Collected data
....
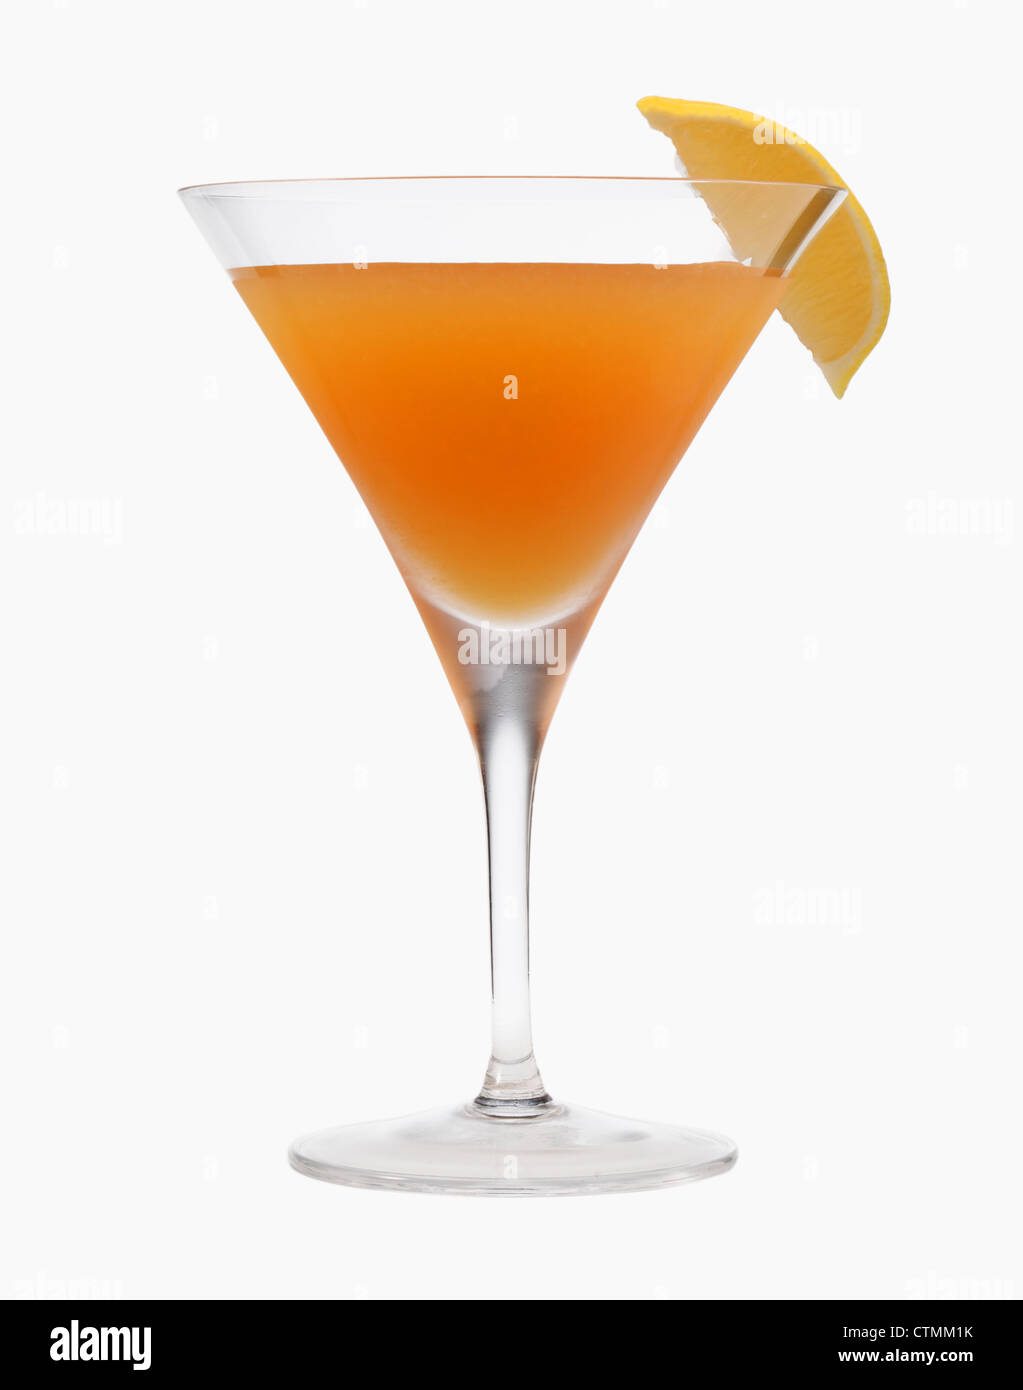 Ein stemmed Cocktailglas mit einer orange Flüssigkeit und Zitrone garniert auf einem weißen Hintergrund. Stockfoto
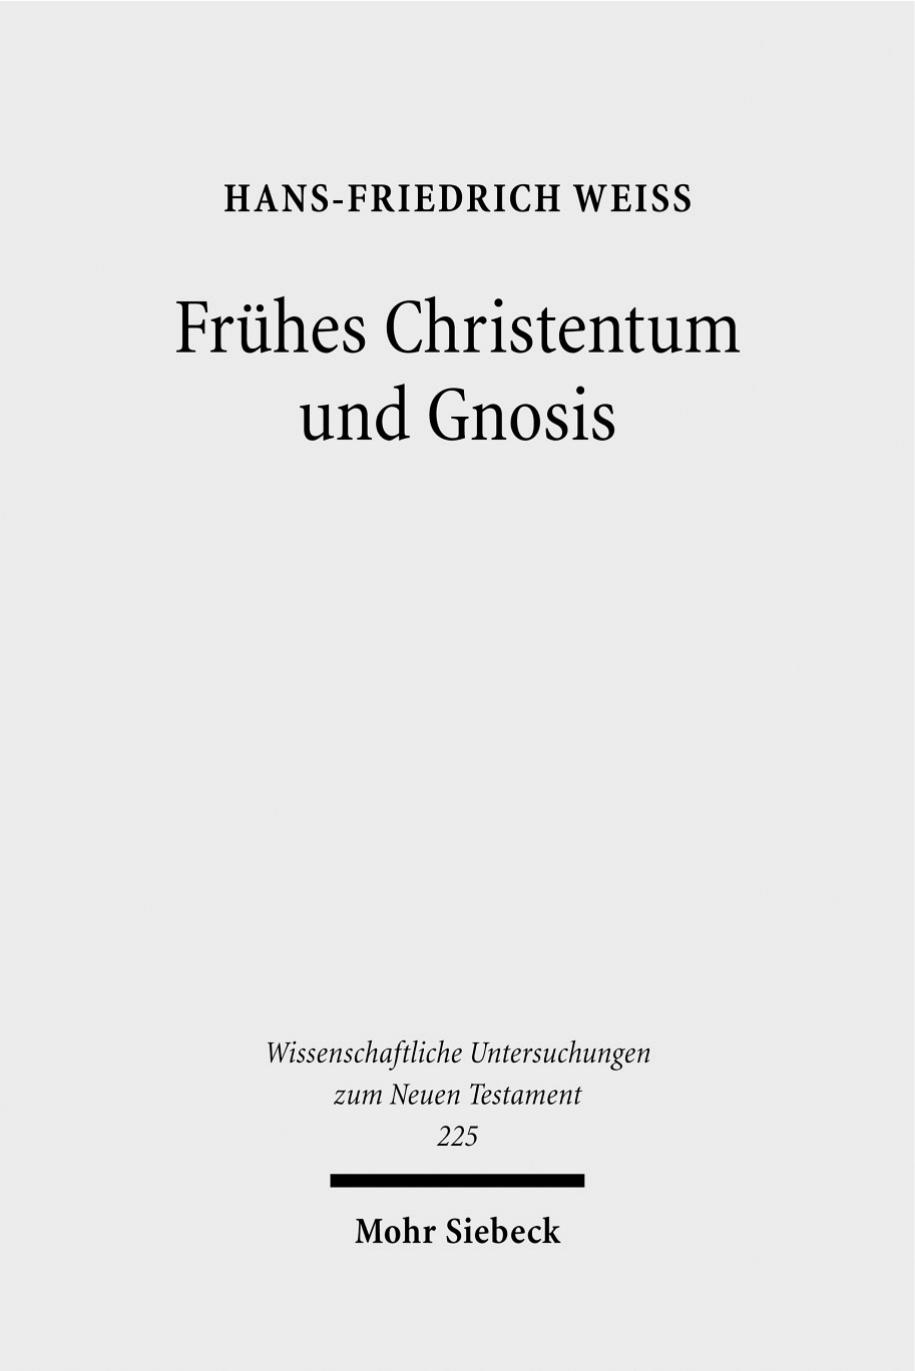 Frühes Christentum und Gnosis: eine rezeptionsgeschichtliche Studie
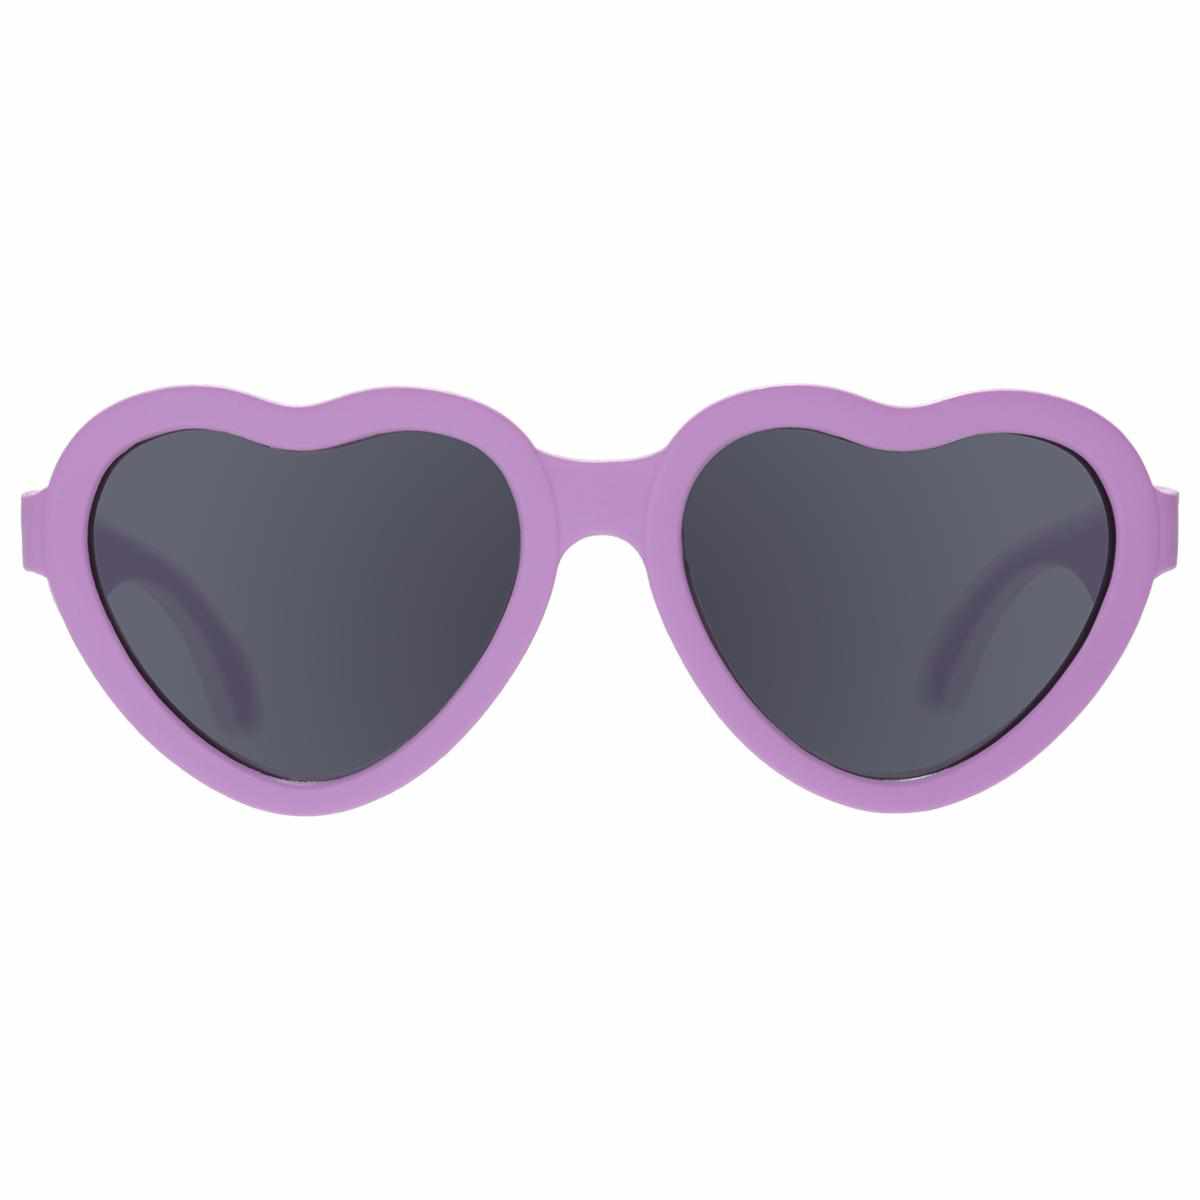 Ooh La Lavander Heart Sunglasses-Babiators-Lasting Impressions
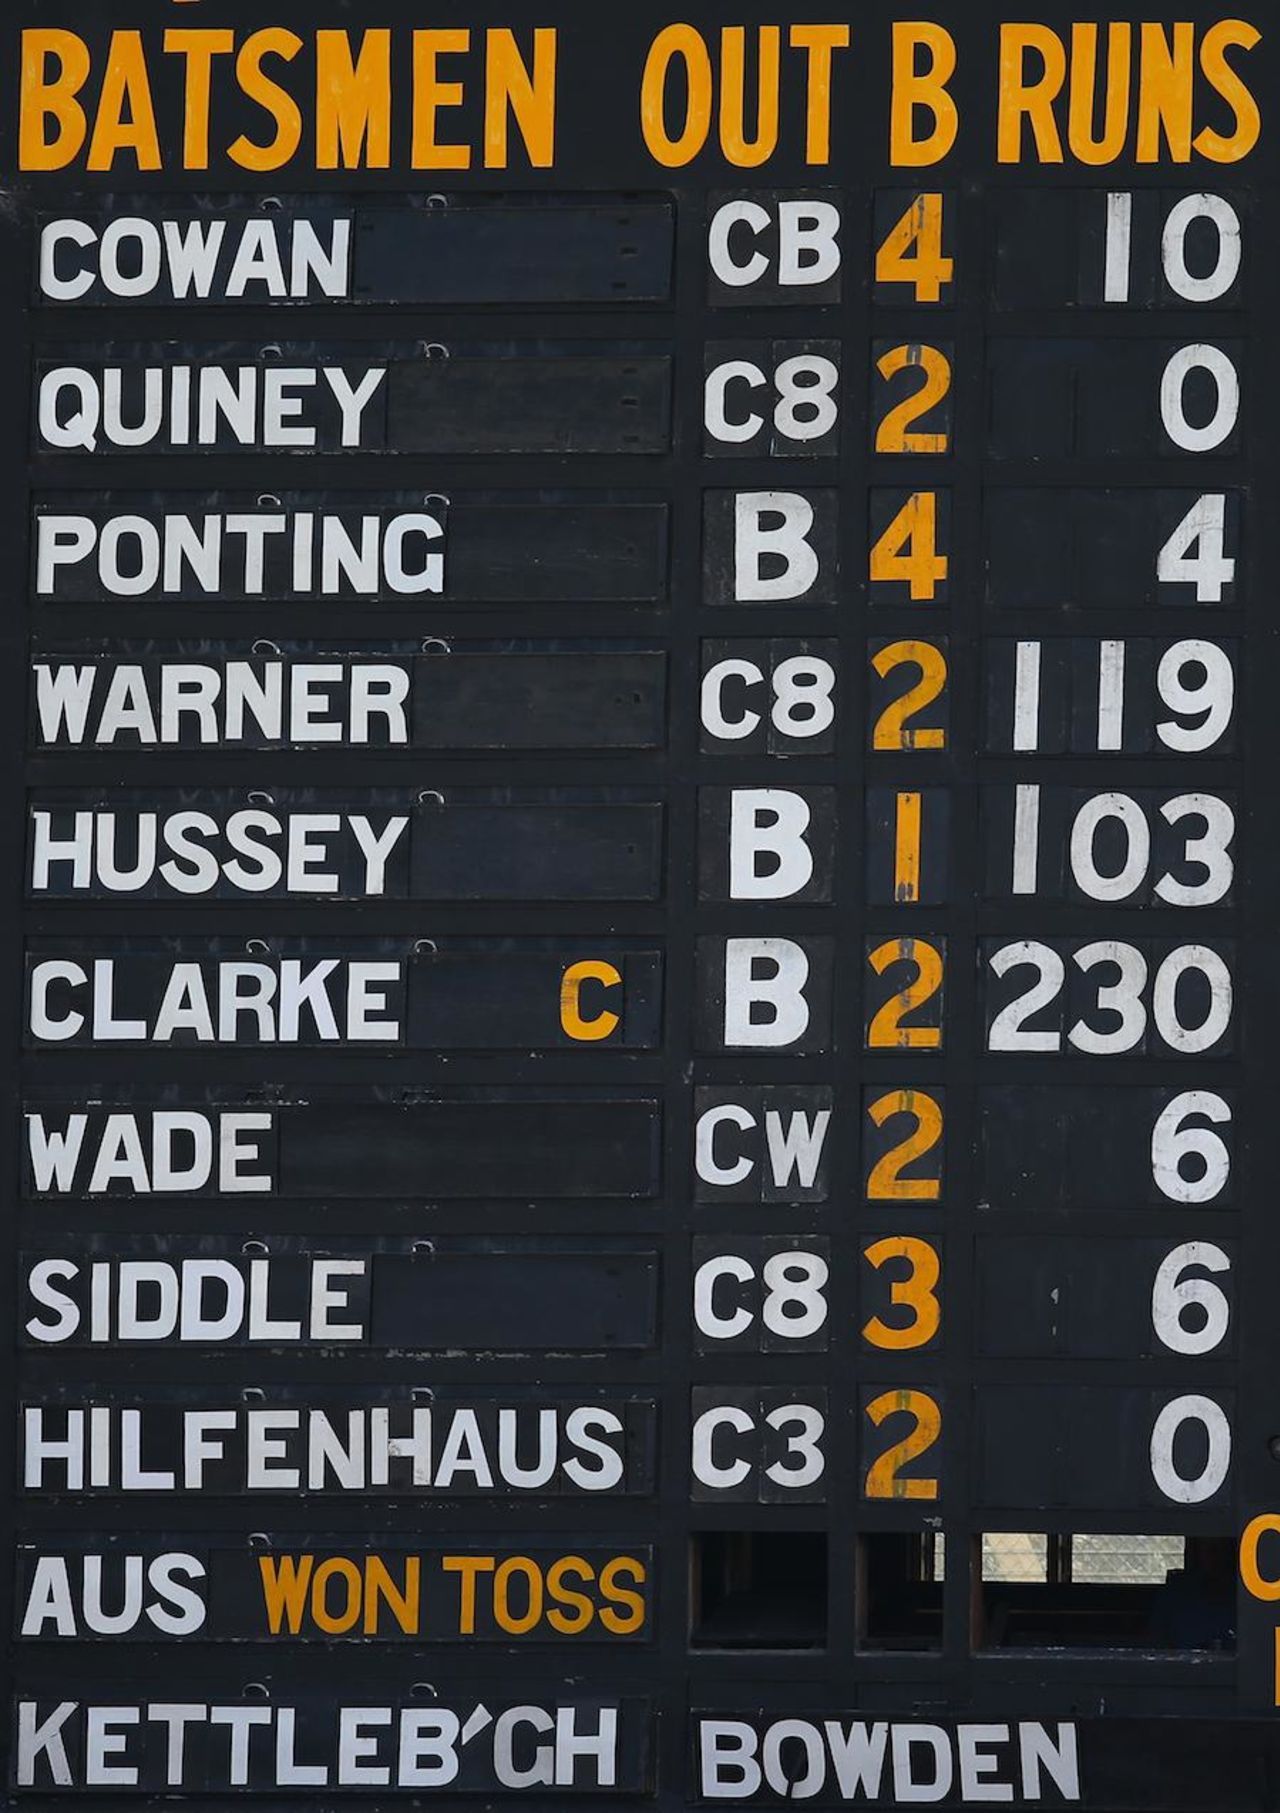 Australia's innings on the old scoreboard, Australia v South Africa, 2nd Test, Adelaide, 2nd day, November 23, 2012
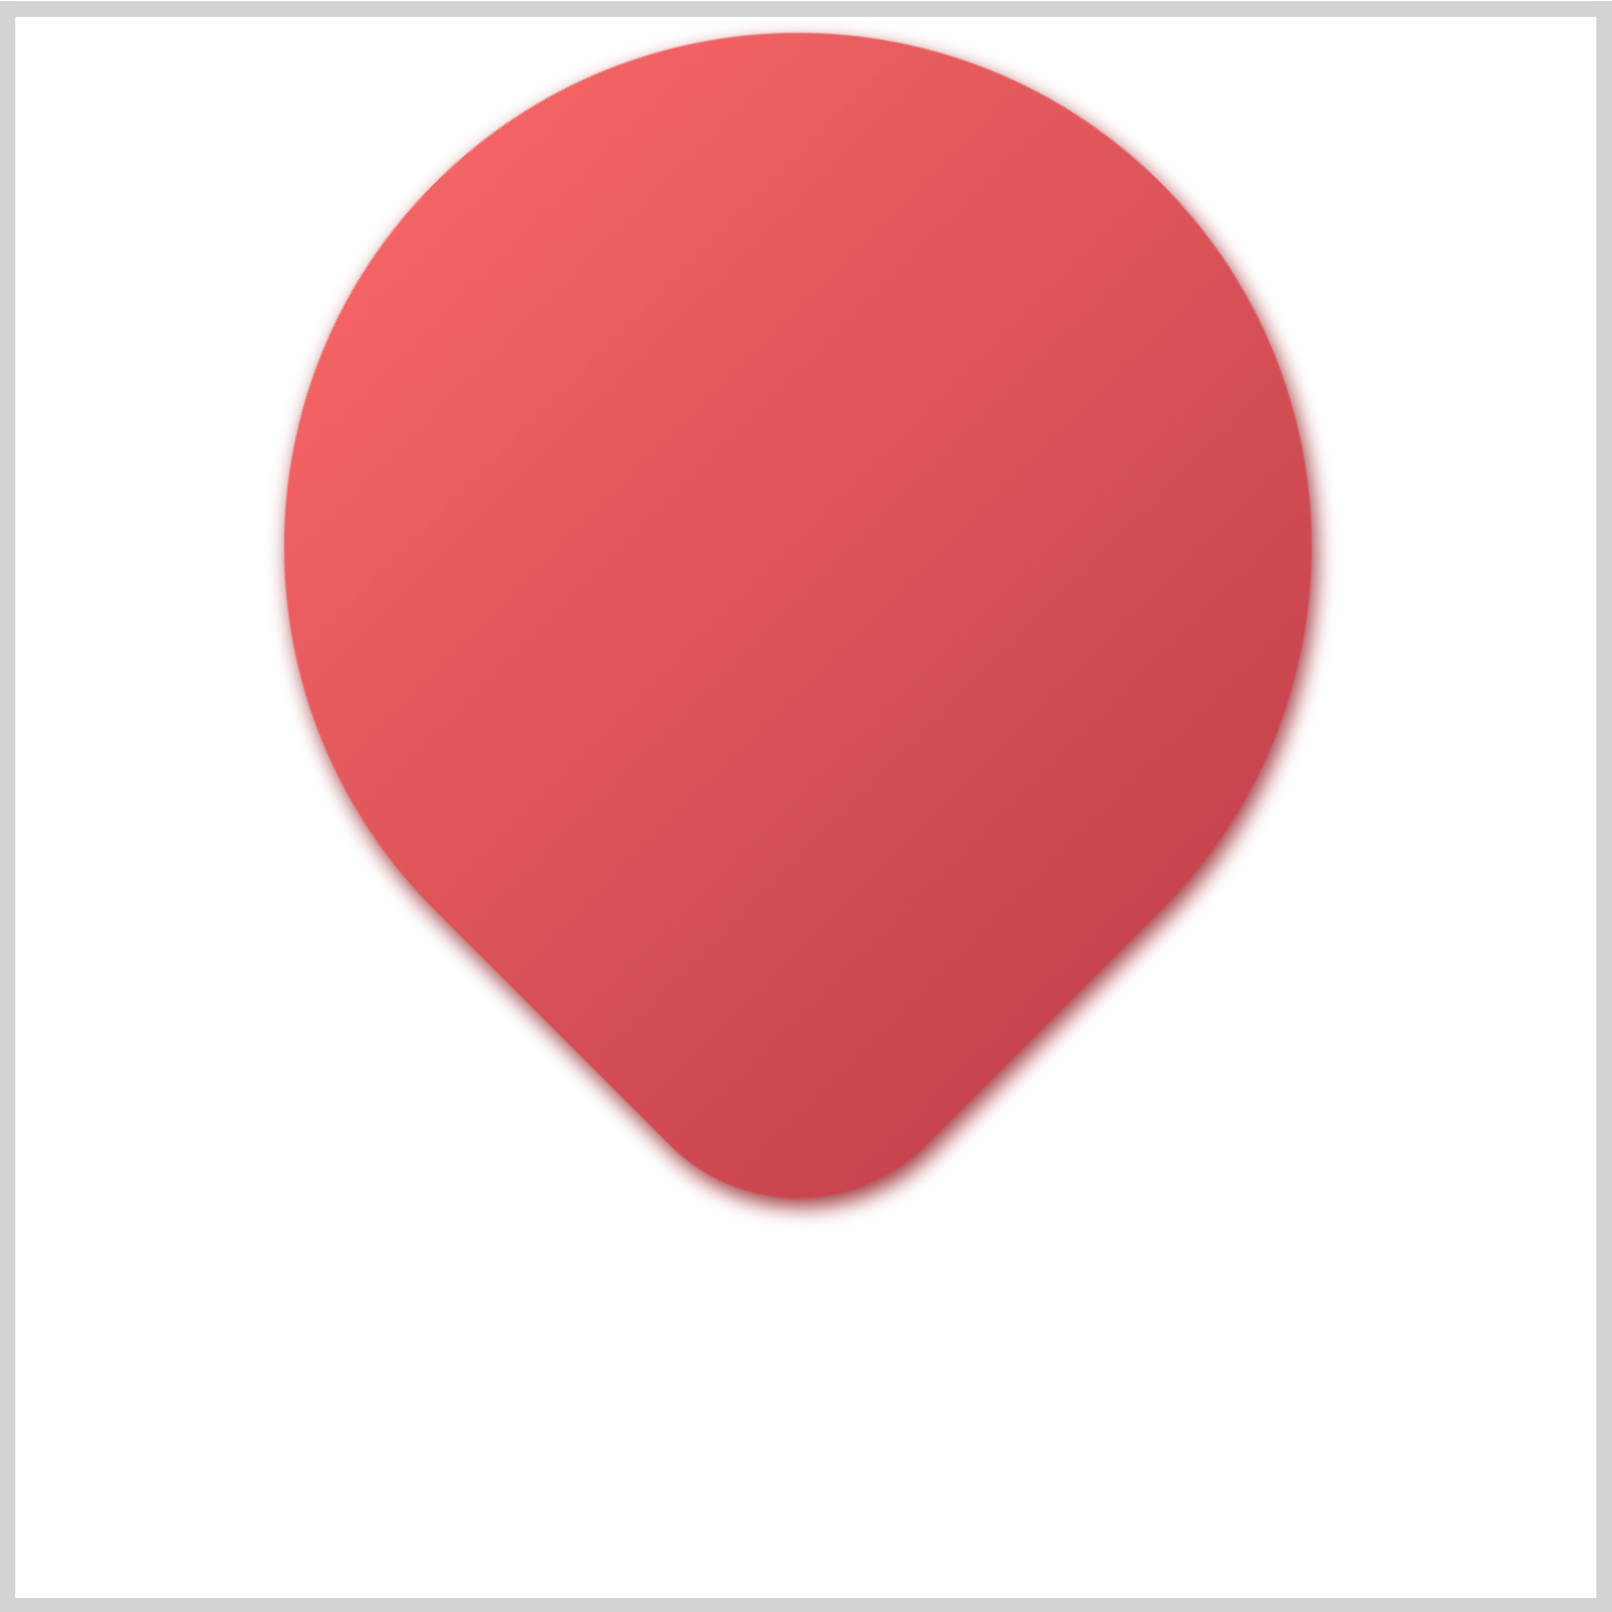 CSS Art – Hot Air Balloon
....
The answer is the entries above, given again exactly, with no pictures among them.

 Ein stemmed Cocktailglas mit einer orange Flüssigkeit und Zitrone garniert auf einem weißen Hintergrund. Stockfoto
 Frühes Christentum und Gnosis: eine rezeptionsgeschichtliche Studie
 Ooh La Lavander Heart Sunglasses-Babiators-Lasting Impressions
 Australia's innings on the old scoreboard, Australia v South Africa, 2nd Test, Adelaide, 2nd day, November 23, 2012
 CSS Art – Hot Air Balloon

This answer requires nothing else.